Мальчишка-служка, посланный в ликторат, вернулся быстро. Ликтор-курьер встретился ему в четырех кварталах от гостиницы, а уличный патруль — возле рыбной лавки, где стражники любезничали с пухлой торговкой карпами и угрями. Конрад передал задержанного в цепкие руки правосудия, правосудие уложило вора на носилки, собранные из двух алебард и одного плаща, и унесло в кутузку.
Правосудие не отбрасывало странных теней, и с количеством рук у него проблем не возникало.
Временное недоразумение вышло с оформлением задержания. Записав краткие показания свидетелей, барон вдруг обнаружил, что действительно не в состоянии вспомнить имя вора. Вылетело из памяти шустрым воробышком. Чик-чирик… Теофрад… э-э… Тофиль Сточек, он же Михель Ловчила… нет, как-то иначе… чик… чирик… Спасение графа Ле Бреттэн, битва под фонарем — воспоминания начали мерцать, обнаруживая провалы, белые пятна… Грабителей было двое: крысюк и Сыка Пайдар… Нет, трое! Конечно, трое! Вот этот сукин сын и есть третий соучастник: Трюфель Гнездила, он же…
Это от утомления. Бывает.
— Вам пакет из канцелярии Приказа, ваша светлость!
— Давай сюда, — барон шагнул к ликтору, заранее зная, что скрывается в принесенном пакете. Внезапно память очнулась от спячки, воробышек вернулся, шустро взявшись клевать крошку за крошкой. — Проклятье! Теофиль Стомачек, он же Гвоздила, он же Михаль Ловчик, из Бадандена! Вспомнил!
Ликтор, заискивающе улыбаясь, кивал обер-квизитору.
Дескать, вспомнили, вспомнили, чего кричать-то?..
А Конрад не мог отделаться от ощущения, что за углом, куда уволокли Гвоздилу, прячется трехрукая тень — и крутит, хохоча, целых шесть кукишей.
Вернувшись в залу, он схватил бокал рома, заблаговременно принесенный хозяином. Залпом выпил крепкий, отдающий ванилью «Претиозо»; упав в кресло, попытался расслабиться. На счастье барона, внимание честной компании занял Кош Малой: детина хвастался своей выдающейся ролью в поимке злоумышленника. Вынесенная дверь покоев в его изложении превращалась в ворота вражьей крепости, а стряпчий Фернан Тэрц, первым услыхавший подозрительный шорох, — в трубача, который поднял спящий гарнизон на битву.
Граф восхищался, старуха Вертенна саркастически хмыкала, мистрис Форзац молчала.
— А я!.. флакон под мышку, и айда воевать!.. — в сотый раз начал Кош, но спохватился. — Светлость! Слышь, светлость! Я нашел! Нашел!

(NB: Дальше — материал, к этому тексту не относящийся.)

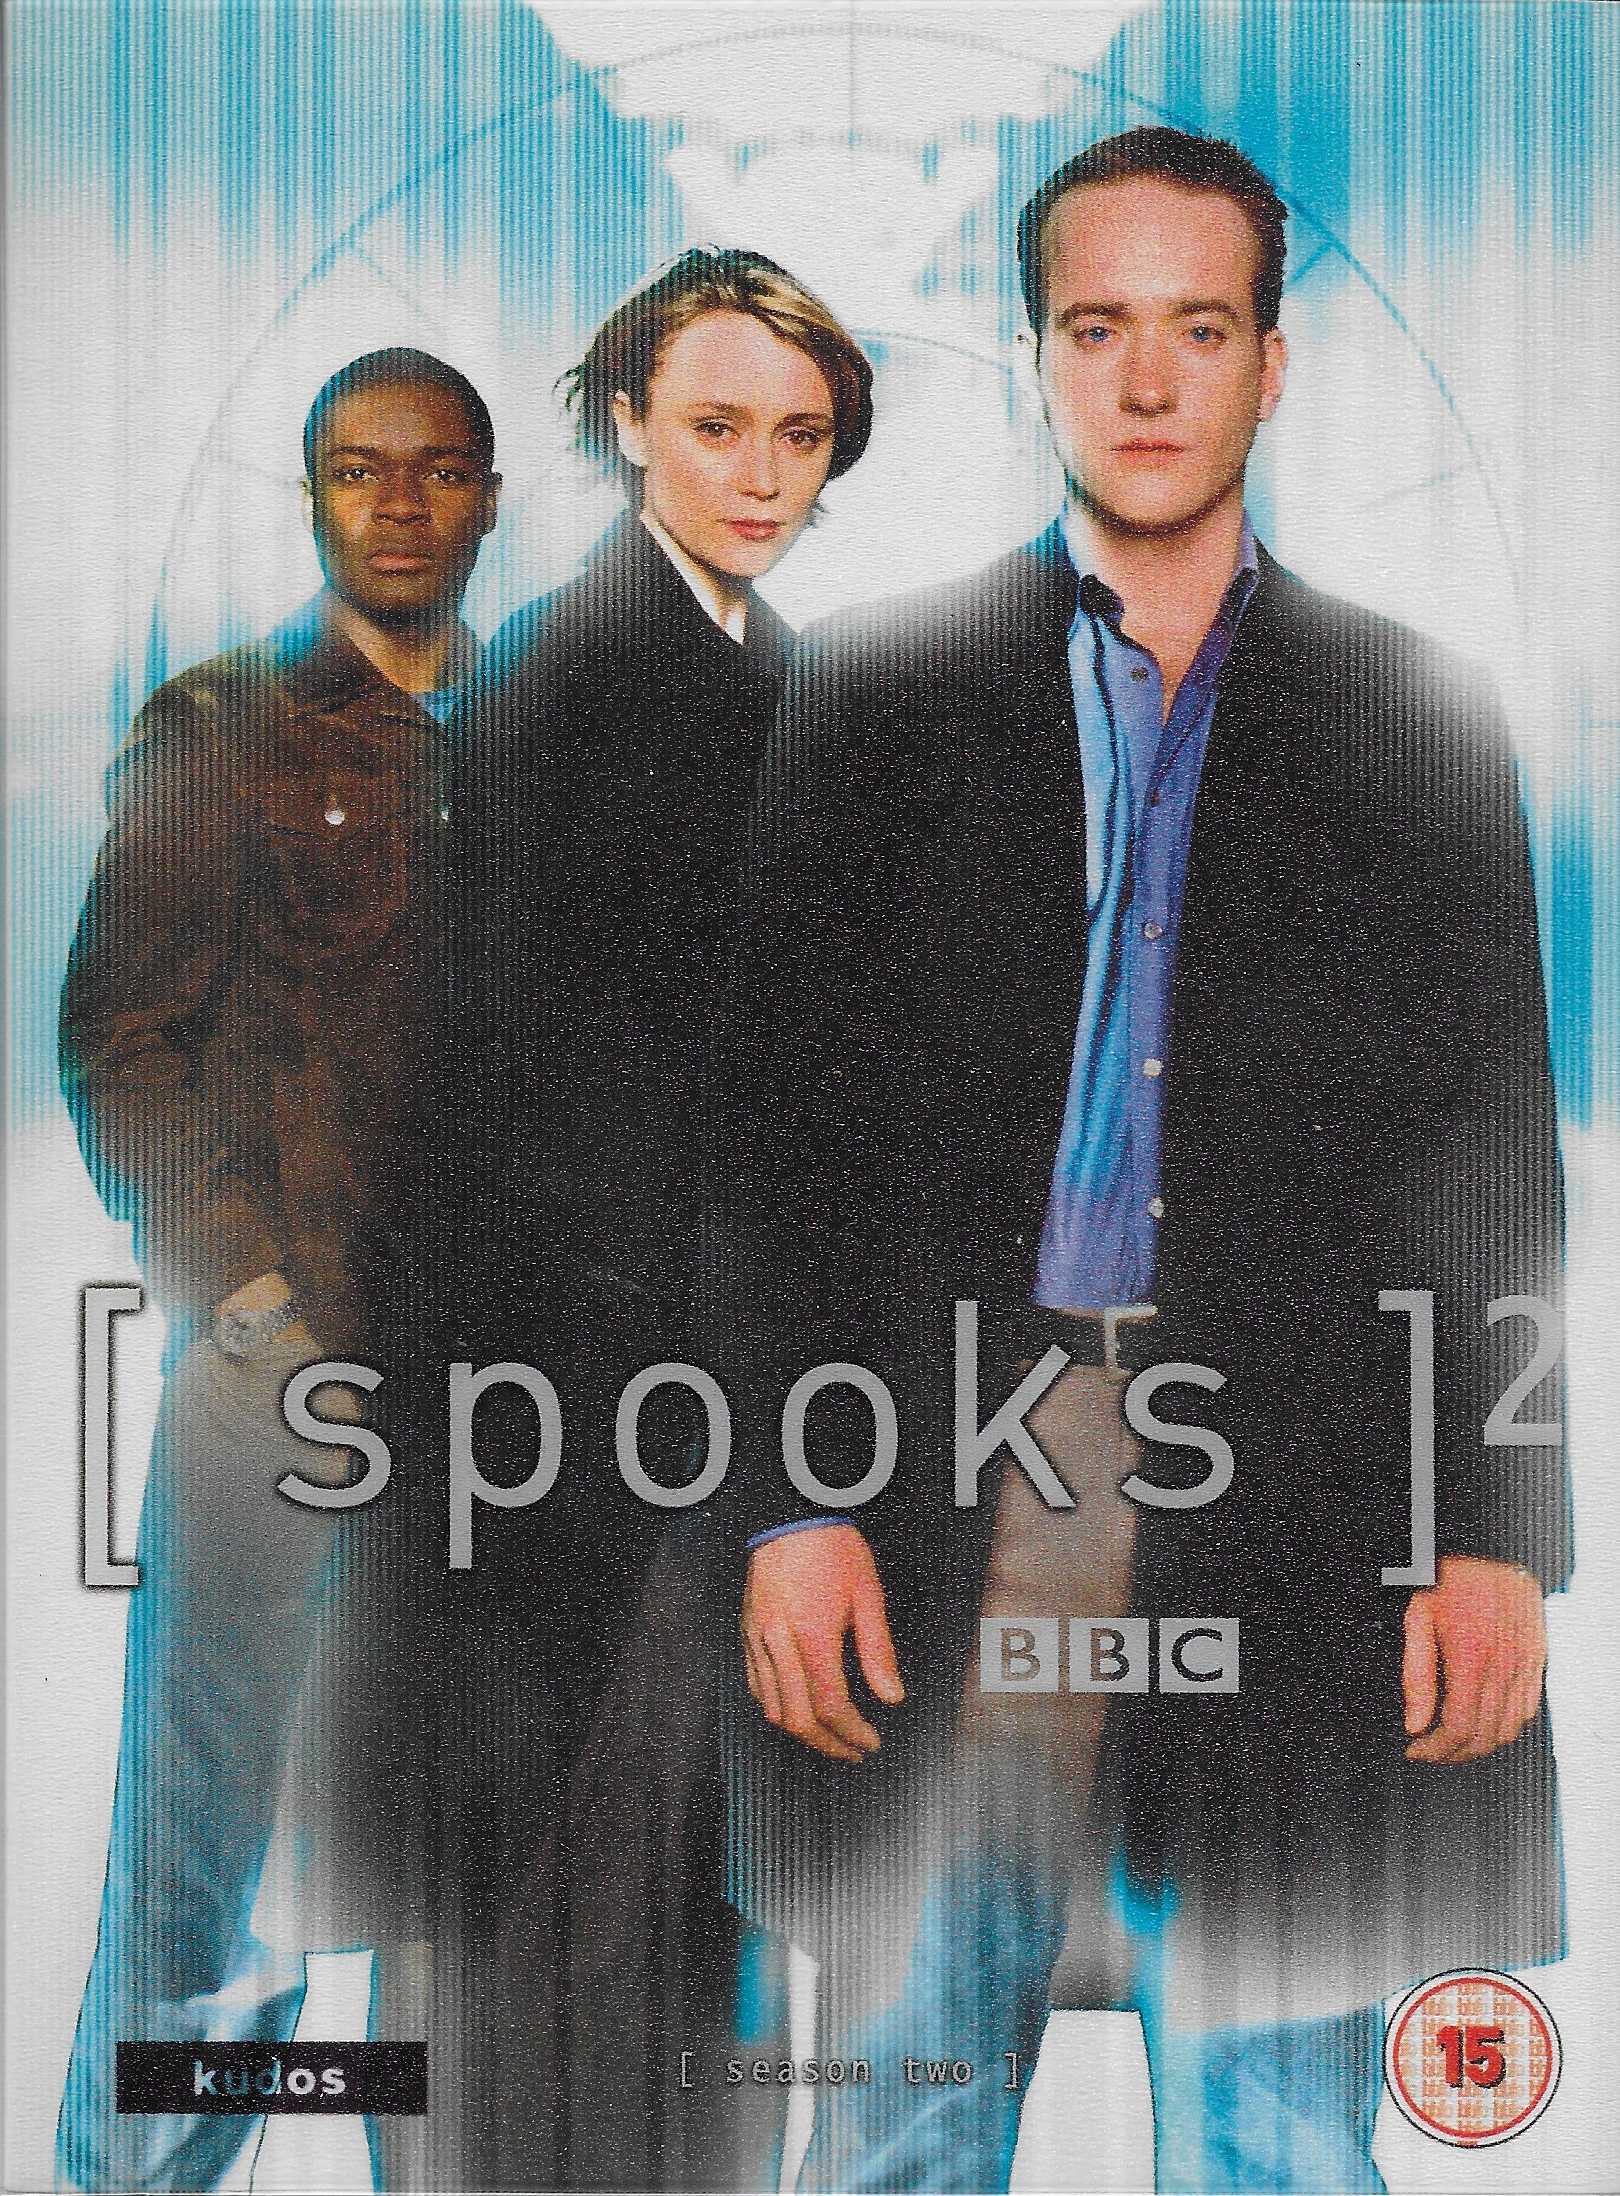 Picture of [ spooks ]2 by artist David Wolstencroft / Howard Brenton / Matthew Graham / Simon Mirren / Steve Bailie / Ben Richards from the BBC dvds - Records and Tapes library

Светясь от гордости, он водрузил на столик флакон с перламутровой жидкостью.
— Вот! Нерожуха!
Вежливый граф сделал вид, что ничего не заметил. Карга хрипло расхохоталась. На каменном лице дамы возник слабый насмешливый интерес.
— Вижу, — вздохнул Конрад. — Ну и что?
— Ну и то! Какого рожна сестренке эту пакость таскать?
— Сударыня Вертенна, или вы, мистрис… Не соблаговолите ли разъяснить сударю Малому, зачем совершеннолетние гуртовщицы таскают с собой некоторые снадобья?
— Ну, ты, светлость, совсем меня за щенка держишь! — обиделся Кош. — Небось знаю, как бабы чрево травят, не маленький! Ты мне другое скажи: Агнешке-то зачем всякая дрянь сдалась?!
«Похотлива, но без последствий», — вспомнил барон характеристику гуртовщика Енца Хромого.
— Я не хотел бы обсуждать добродетели вашей семьи, сударь… Особенно в присутствии дам. Но полагаю, ваша сестра, ведя достаточно свободный образ жизни, таким образом… Вы меня понимаете?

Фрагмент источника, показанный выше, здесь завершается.